In fact, for subquery c, the final result set of the left join only cares about the data that can match the resourceid of the main table. So we can rewrite the statement as follows, and the execution time drops from 2 seconds to 2 milliseconds.
SELECT a.*,
c.allocated
FROM (
SELECT resourceid
FROM my_distribute d
WHERE isdelete = 0
AND cusmanagercode = '1234567'
ORDER BY salecode limit 20) a
LEFT JOIN
(
SELECT resourcesid, sum(ifnull(allocation, 0) * 12345) allocated
FROM my_resources r,
(
SELECT resourceid
FROM my_distribute d
WHERE isdelete = 0
AND cusmanagercode = '1234567'
ORDER BY salecode limit 20) a
WHERE r.resourcesid = a.resourcesid
GROUP BY resourcesid) c
ON a.resourceid = c.resourcesid
But the subquery a appears multiple times in our SQL statement.
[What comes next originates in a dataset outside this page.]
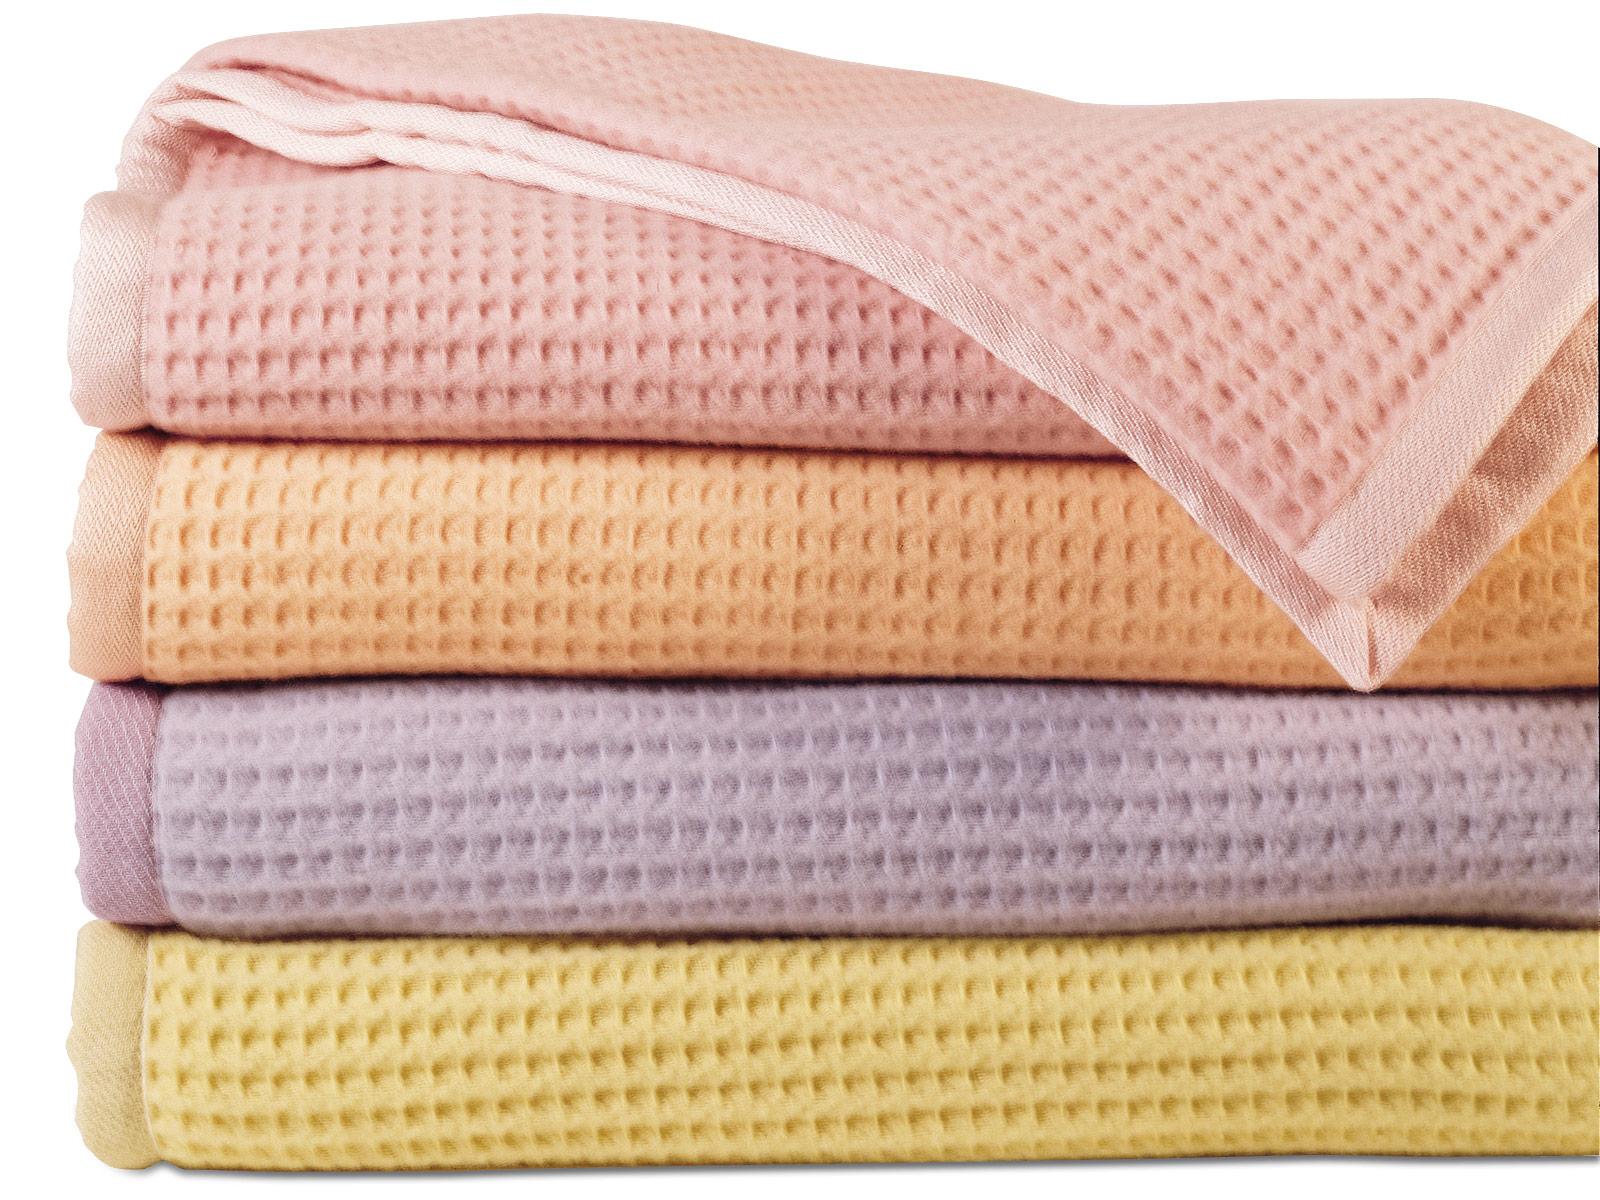 Windham Blankets Luxury Blankets Luxury Bedding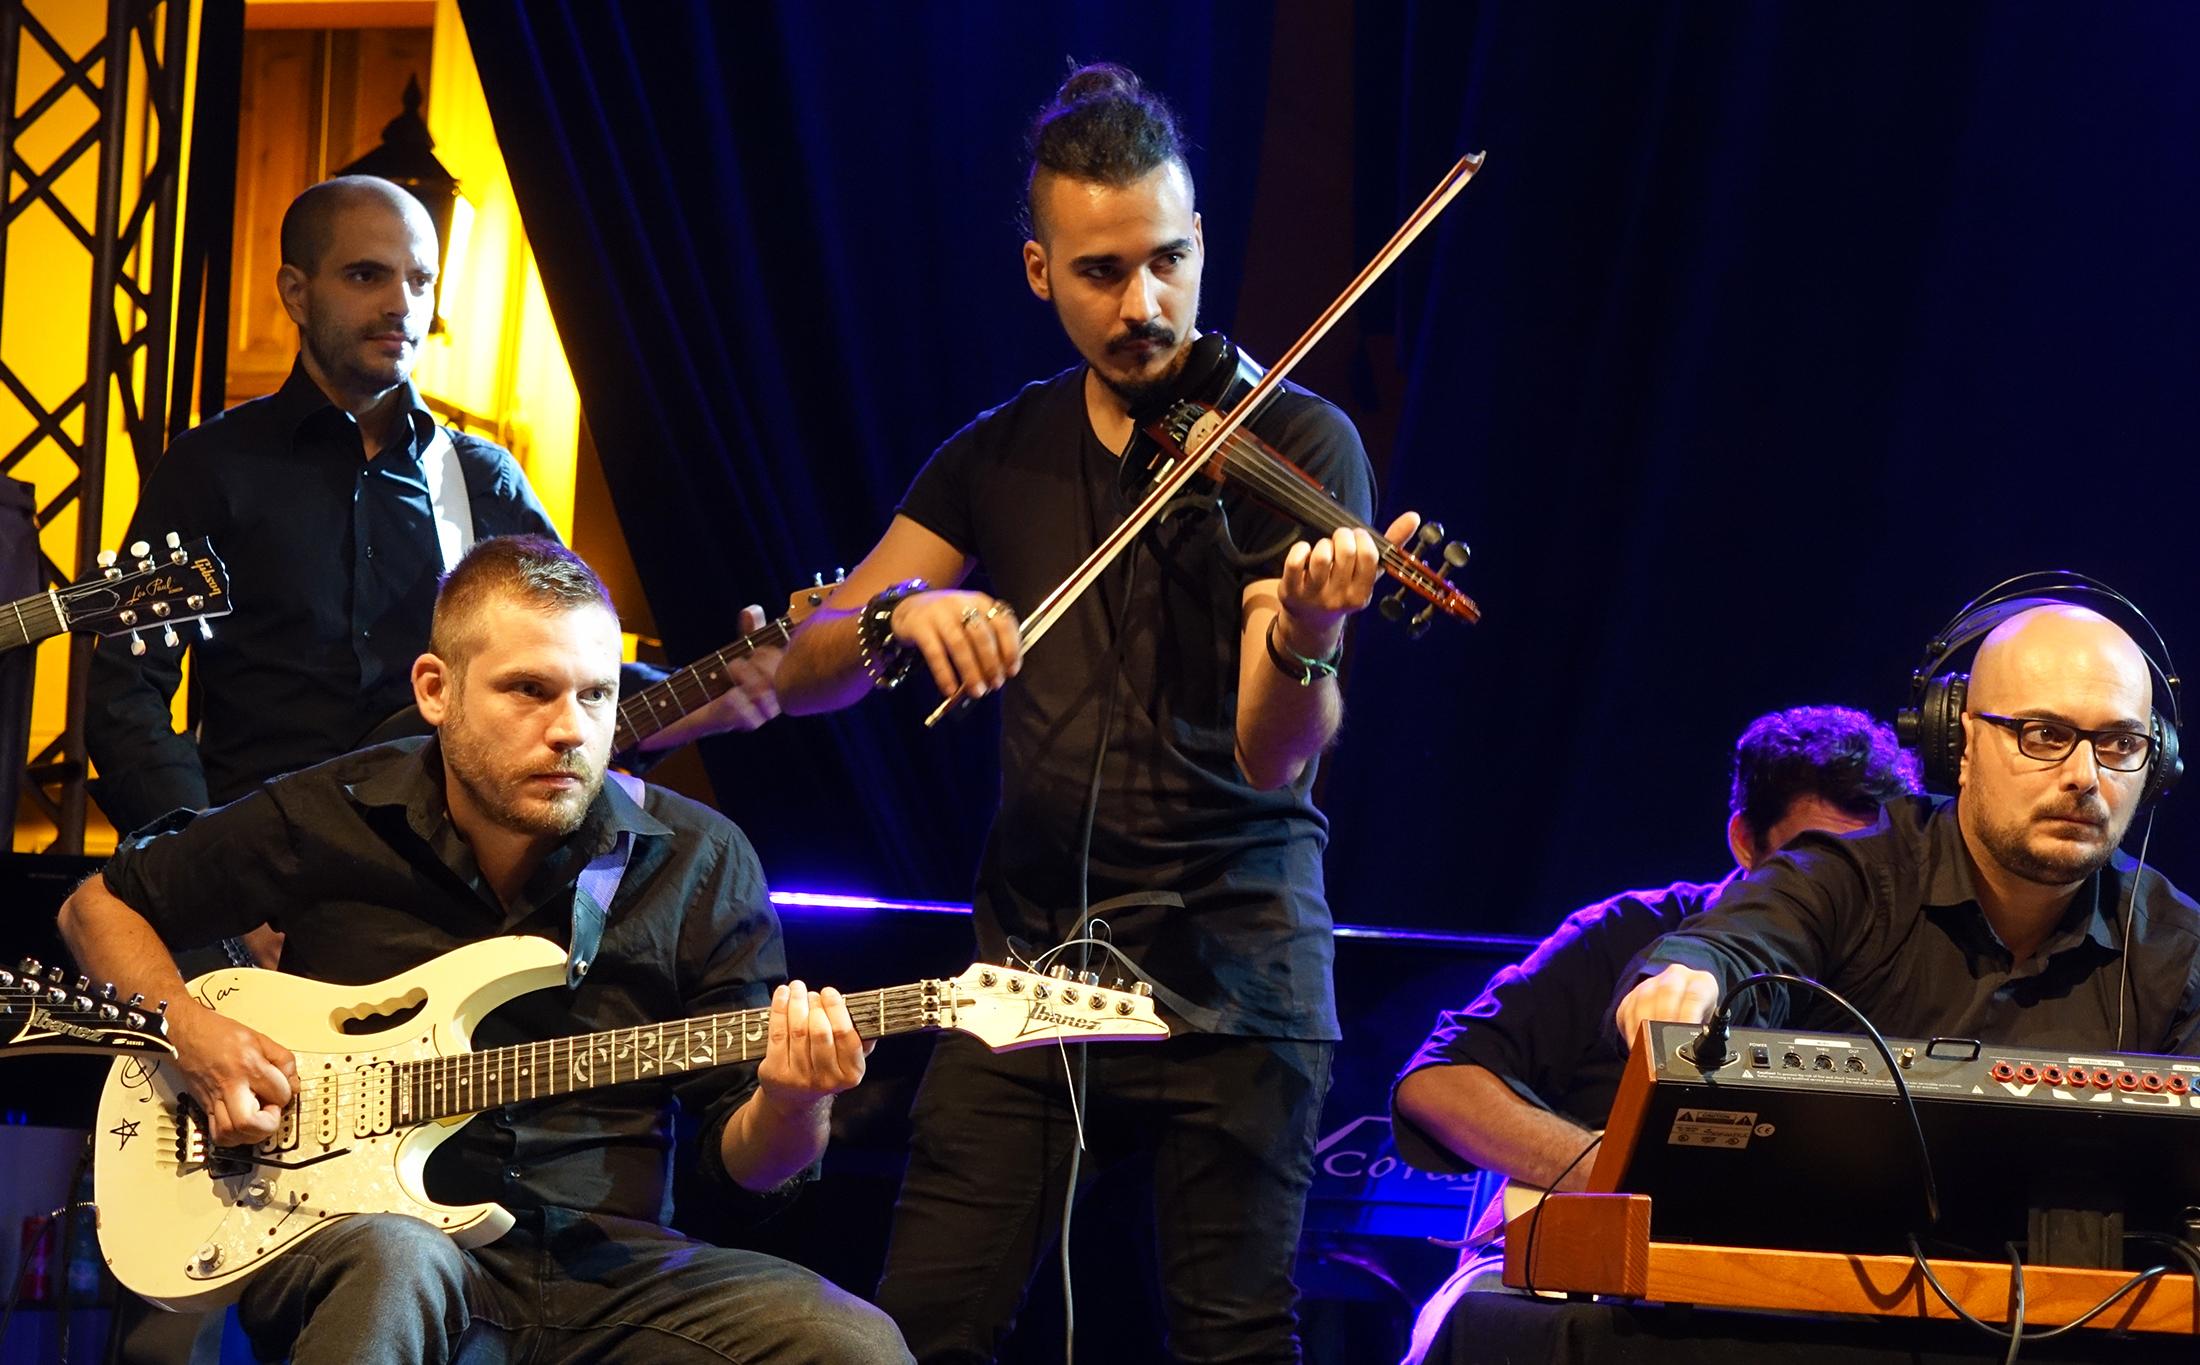 Cagliari Conservatoy of Music in Sant' Anna Arresi Sardinia 2018

This way of writing not only has additional overhead, but also makes the entire statement significantly complicated. Rewrite again using the WITH statement:
WITH a AS
(
SELECT resourceid
FROM my_distribute d
WHERE isdelete = 0
AND cusmanagercode = '1234567'
ORDER BY salecode limit 20)
SELECT a.*,
c.allocated
FROM a
LEFT JOIN
(
SELECT resourcesid, sum(ifnull(allocation, 0) * 12345) allocated
FROM my_resources r,
a
WHERE r.resourcesid = a.resourcesid
GROUP BY resourcesid) c
ON a.resourceid = c.resourcesid
Summarize
The database compiler generates an execution plan, which determines how SQL is actually executed. But the compiler is just doing its best, and not all database compilers are perfect.
Most of the scenarios mentioned above also have performance problems in other databases. Only by understanding the characteristics of the database compiler can we avoid its shortcomings and write high-performance SQL statements.
When designing data models and writing SQL statements, programmers should bring in the idea or awareness of algorithms.
To write complex SQL statements, you must develop the habit of using the WITH statement. Concise and clear SQL statements can also reduce the burden on the database.